Given material →

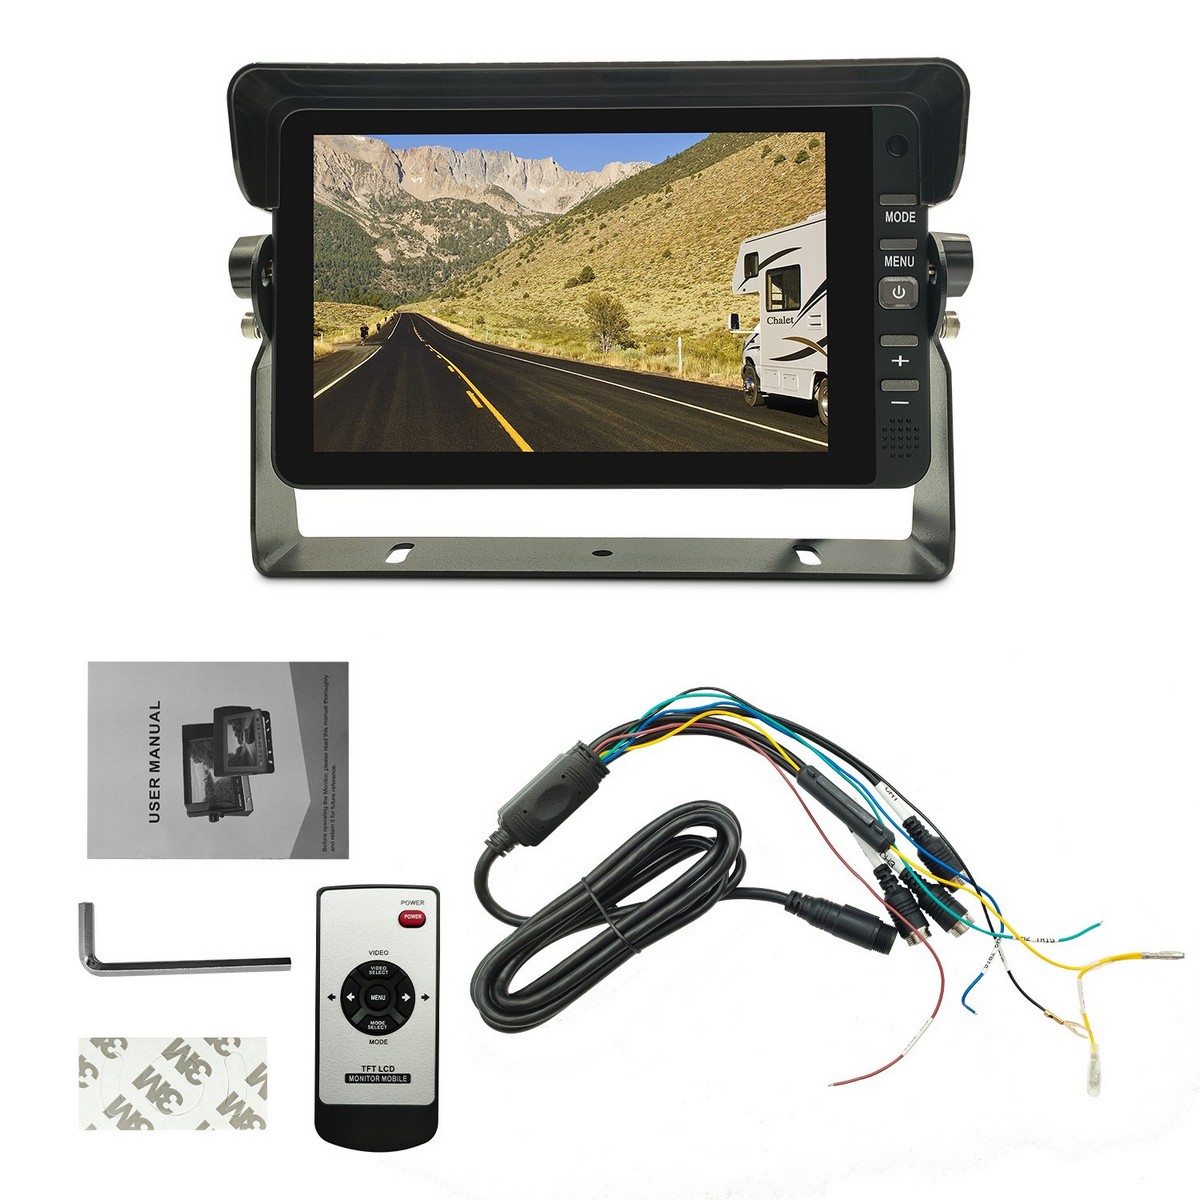 3 channel car monitor full hd resolution 7 inches
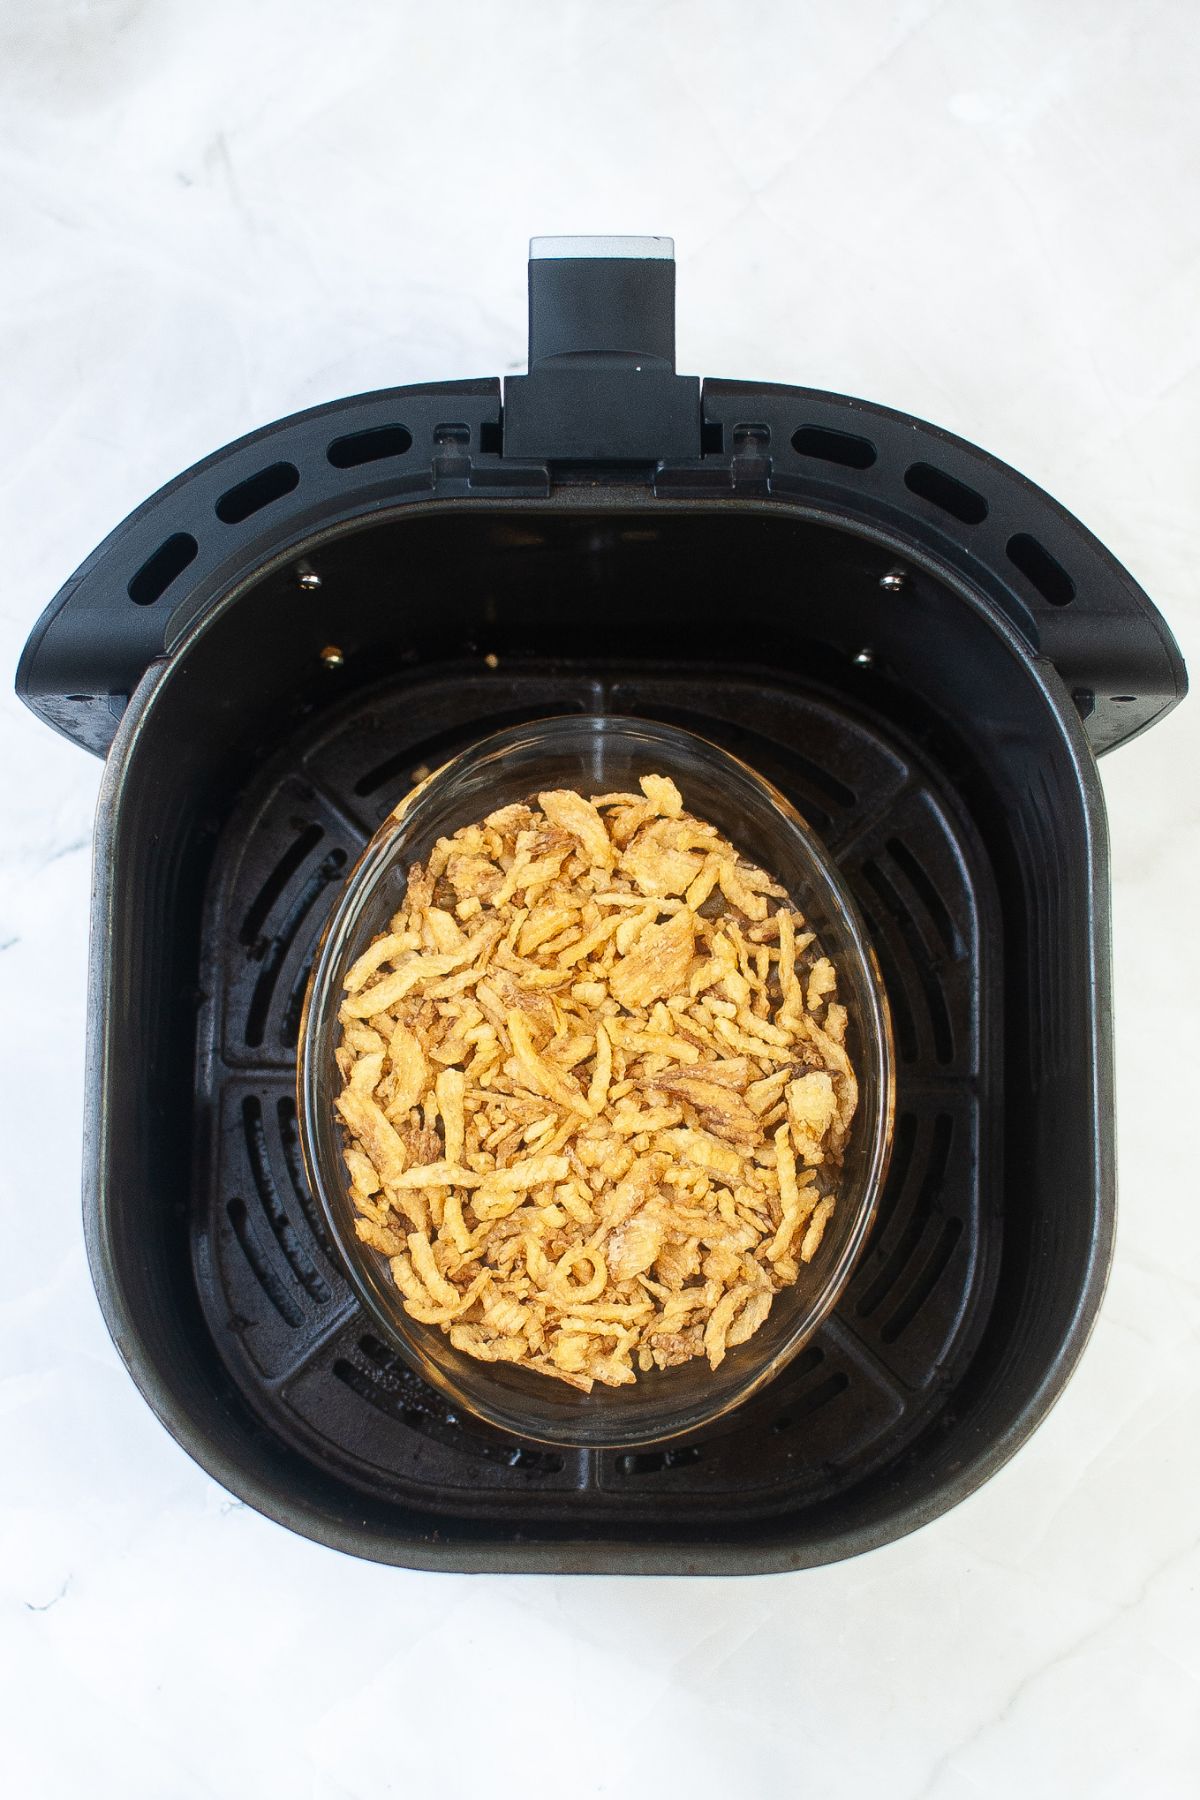 glass dish filled with food inside the air fryer basket
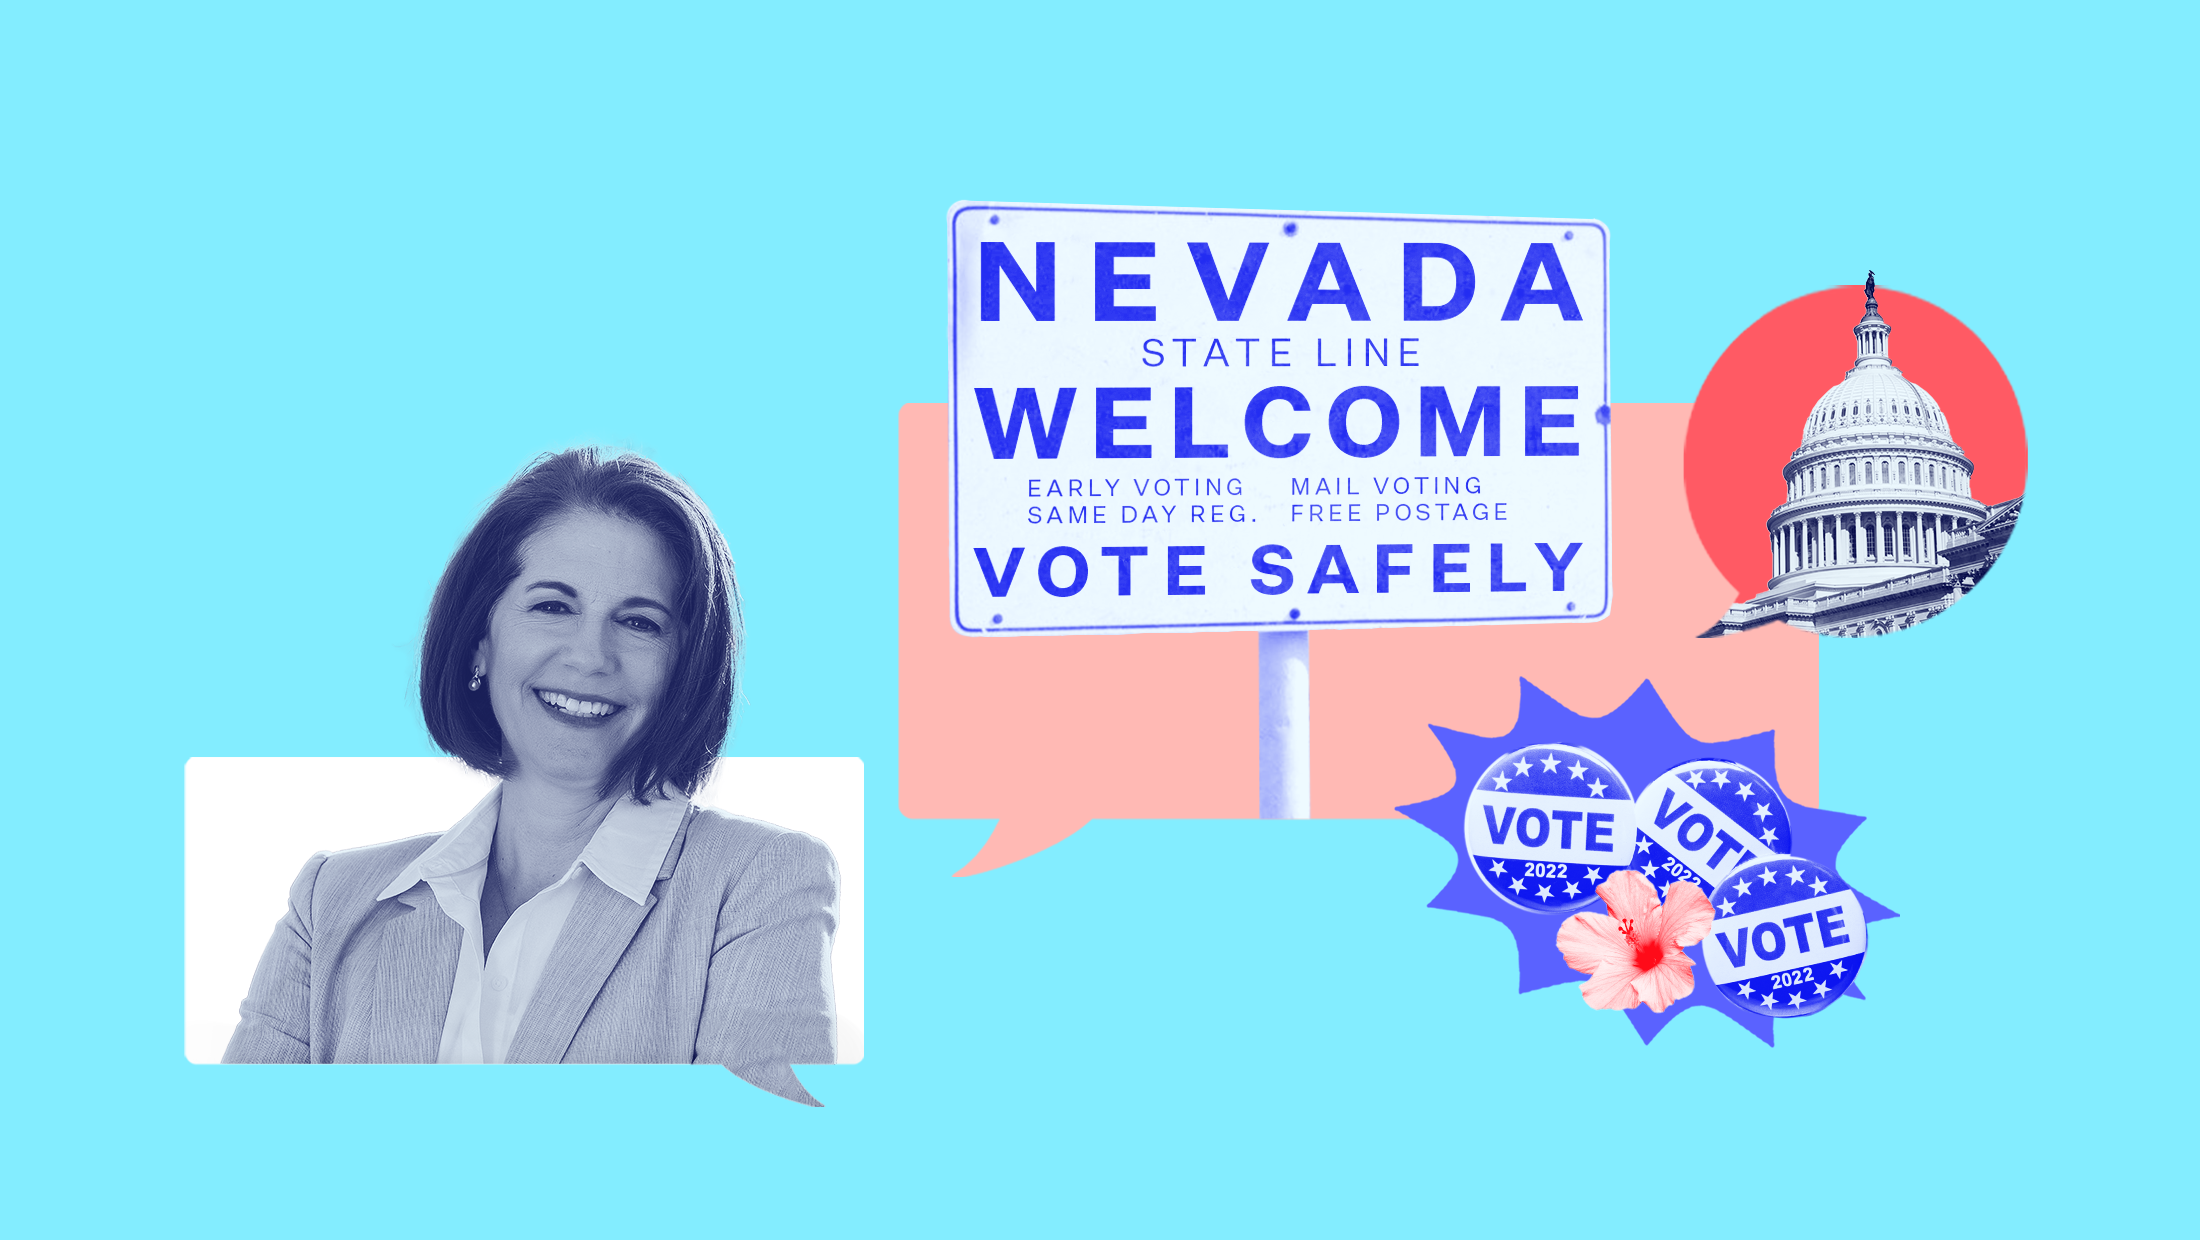 Light blue background with blue-toned image of Sen. Catherine Cortez Masto, a sign that reads "Nevada State Line Early Voting, Same Day Reg., Mail Voting, Free Postage, Welcome, Vote Safely", a blue-toned image of the U.S. Capitol, three vote stickers and a pink Hawaiian hibiscus flower.

Exercise details → Output all the material exactly. The pictures are to be left out.

Solution to the exercise →
 3 channel car monitor full hd resolution 7 inches
 glass dish filled with food inside the air fryer basket
 Light blue background with blue-toned image of Sen. Catherine Cortez Masto, a sign that reads "Nevada State Line Early Voting, Same Day Reg., Mail Voting, Free Postage, Welcome, Vote Safely", a blue-toned image of the U.S. Capitol, three vote stickers and a pink Hawaiian hibiscus flower.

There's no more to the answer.